_How to complete this task_
Leave every picture out and give back the lines below from the first through the line that holds "FOTOD | Ohohhoo: Serena", exactly as written.

_Supplied information_
------------------------------------------------------------------------
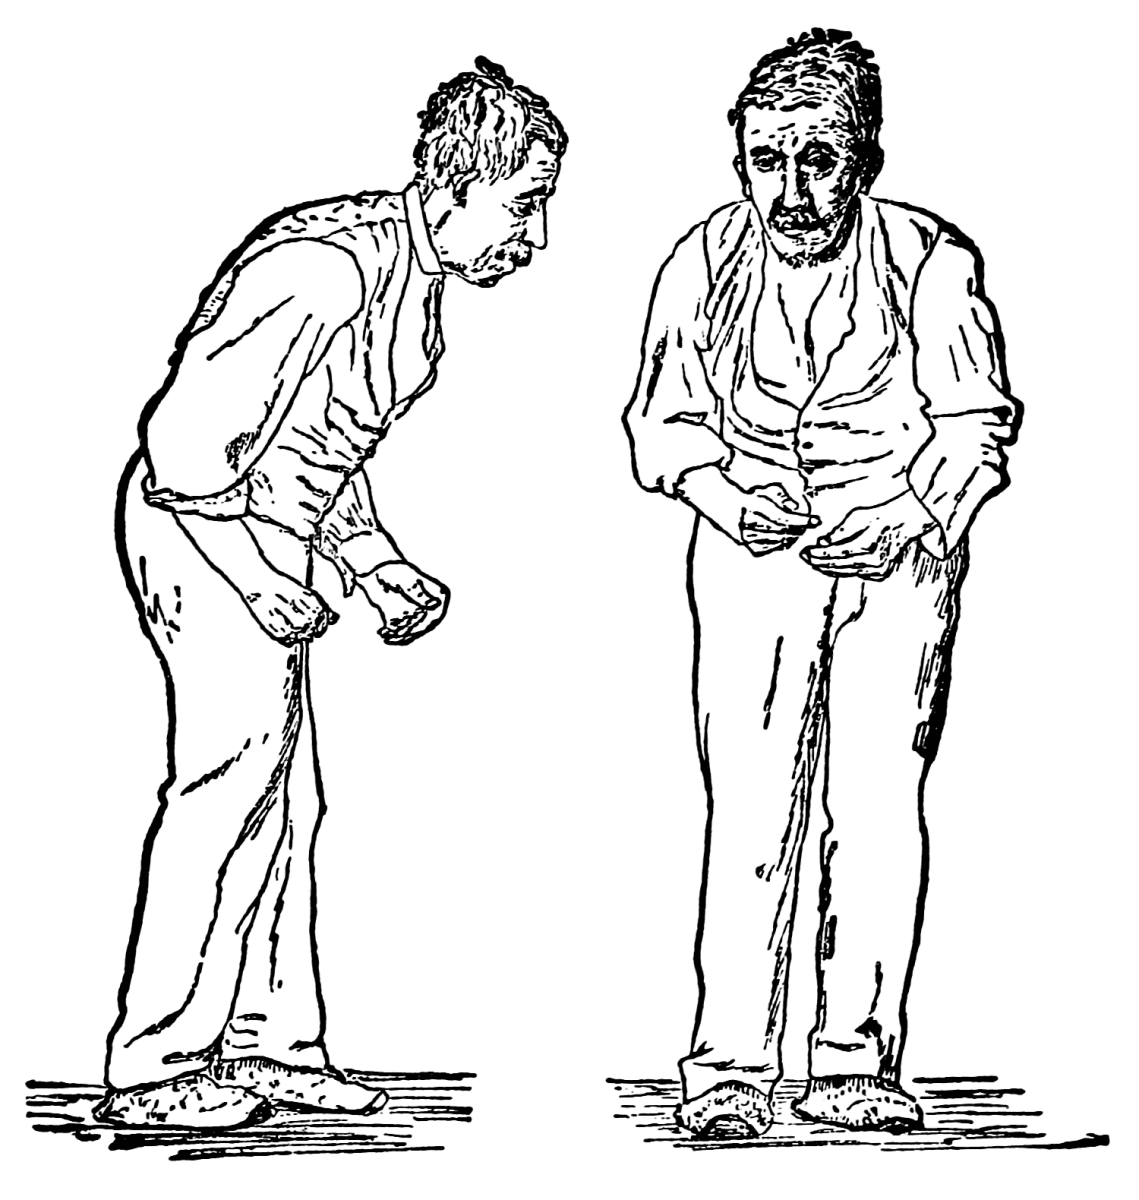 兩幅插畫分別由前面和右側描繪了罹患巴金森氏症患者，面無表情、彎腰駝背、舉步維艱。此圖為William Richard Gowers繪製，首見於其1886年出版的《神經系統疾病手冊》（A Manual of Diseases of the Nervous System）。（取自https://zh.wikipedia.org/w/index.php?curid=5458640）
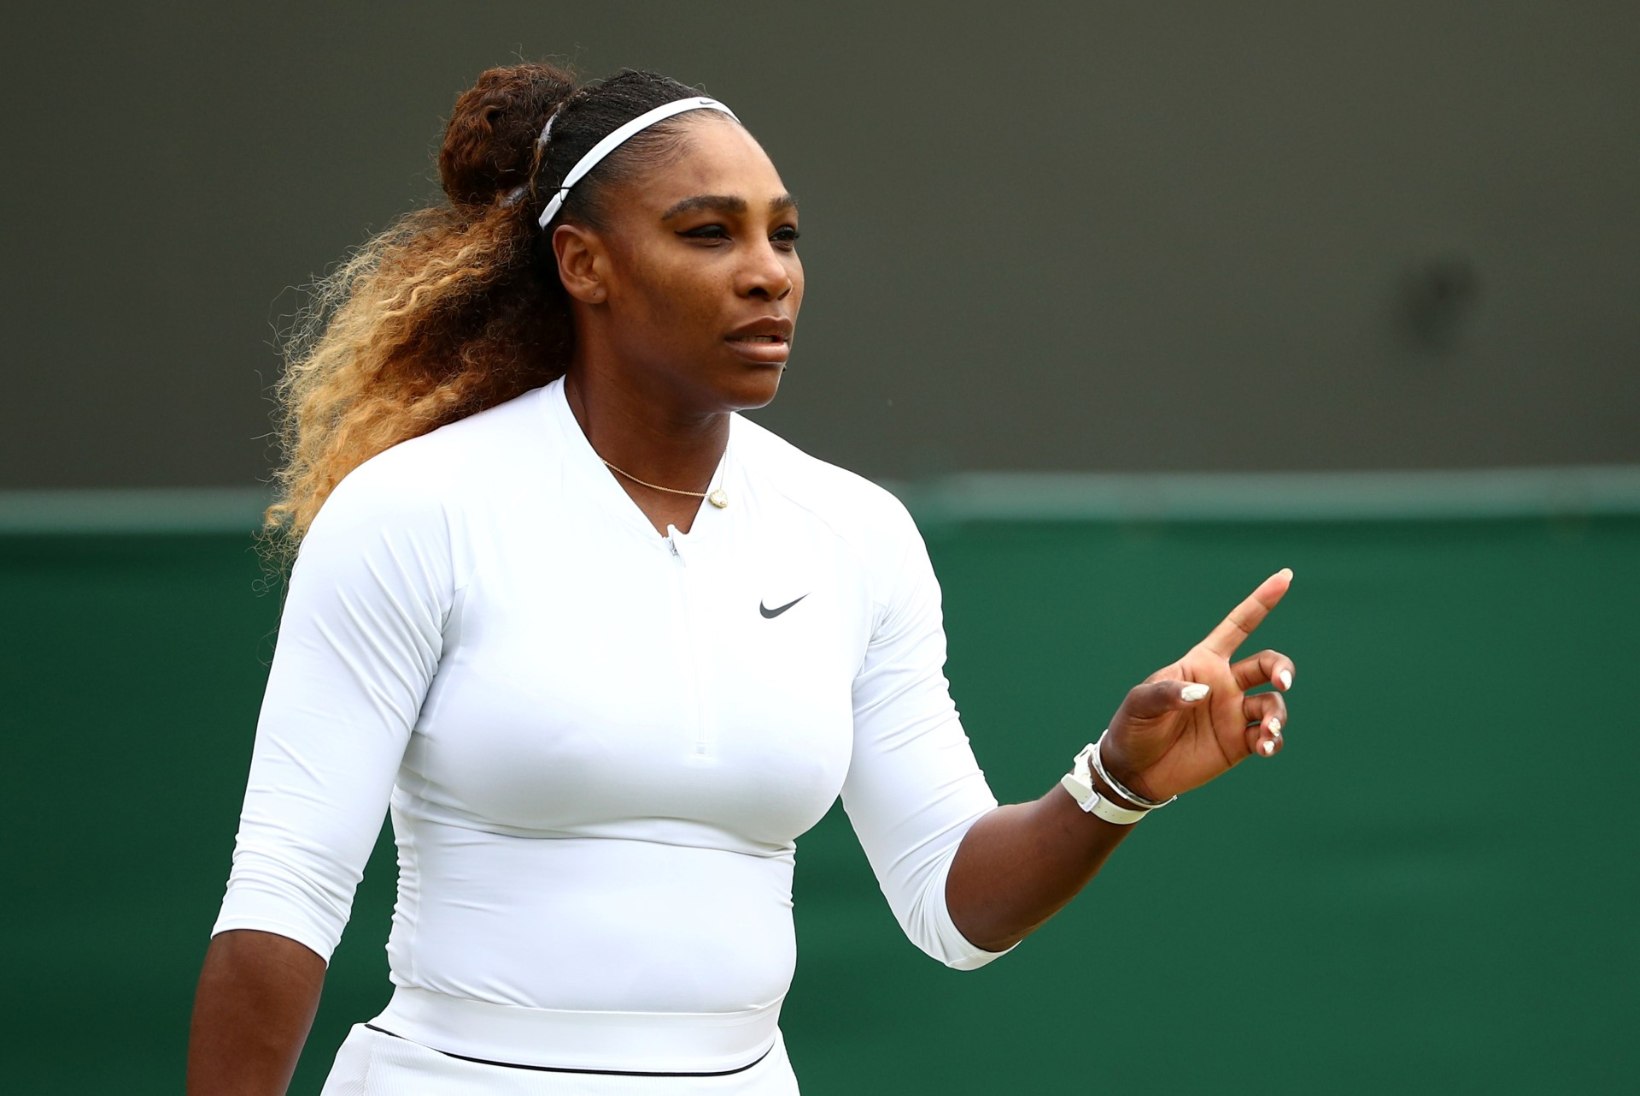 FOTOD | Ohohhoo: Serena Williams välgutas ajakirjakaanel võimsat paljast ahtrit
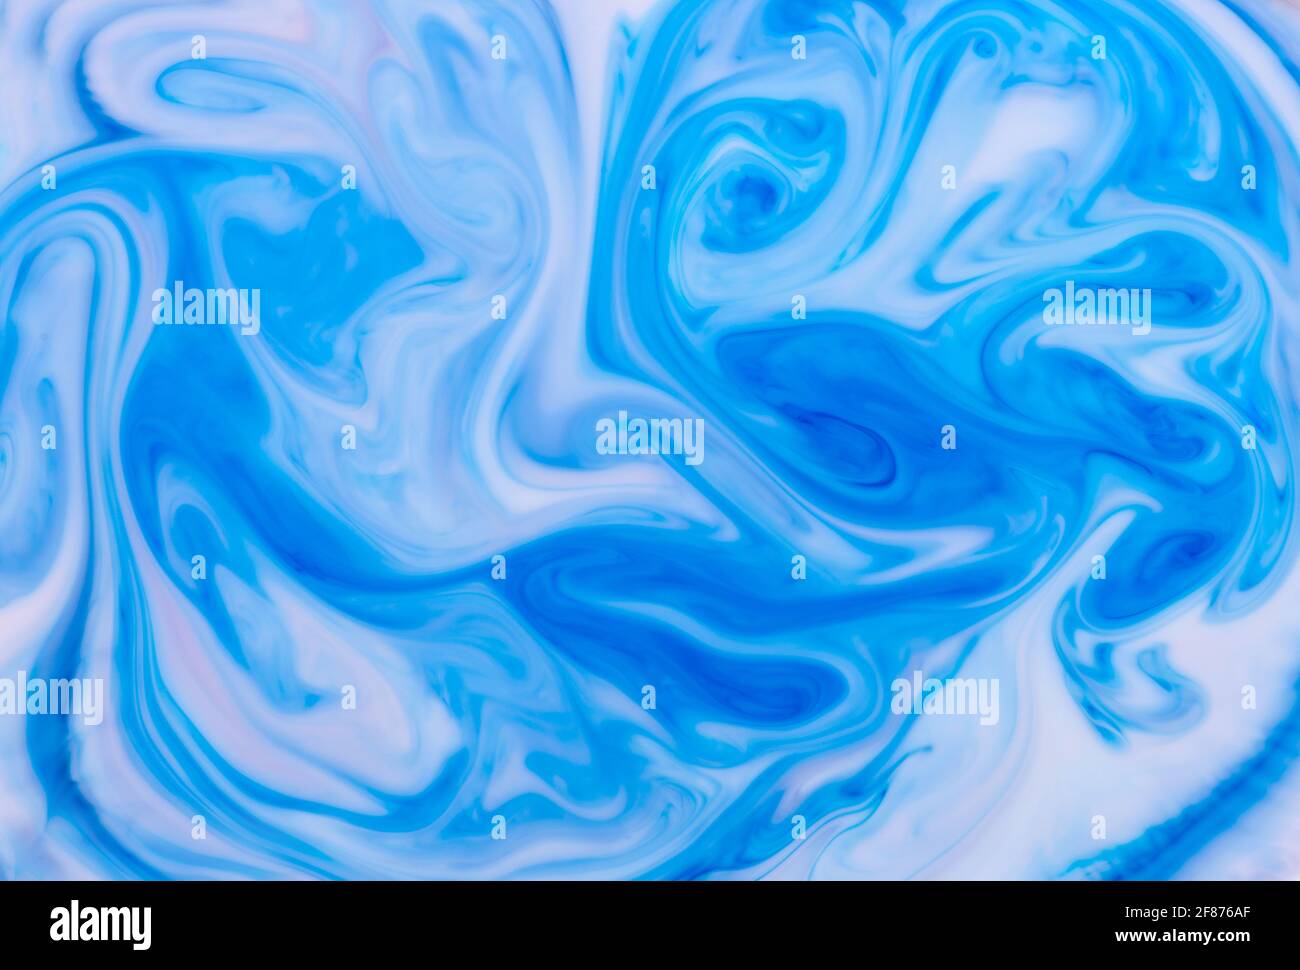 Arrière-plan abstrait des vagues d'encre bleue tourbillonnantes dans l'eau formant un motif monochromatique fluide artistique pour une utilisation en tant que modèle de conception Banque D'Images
------------------------------------------------------------------------
_Task answer_
 兩幅插畫分別由前面和右側描繪了罹患巴金森氏症患者，面無表情、彎腰駝背、舉步維艱。此圖為William Richard Gowers繪製，首見於其1886年出版的《神經系統疾病手冊》（A Manual of Diseases of the Nervous System）。（取自https://zh.wikipedia.org/w/index.php?curid=5458640）
 FOTOD | Ohohhoo: Serena Williams välgutas ajakirjakaanel võimsat paljast ahtrit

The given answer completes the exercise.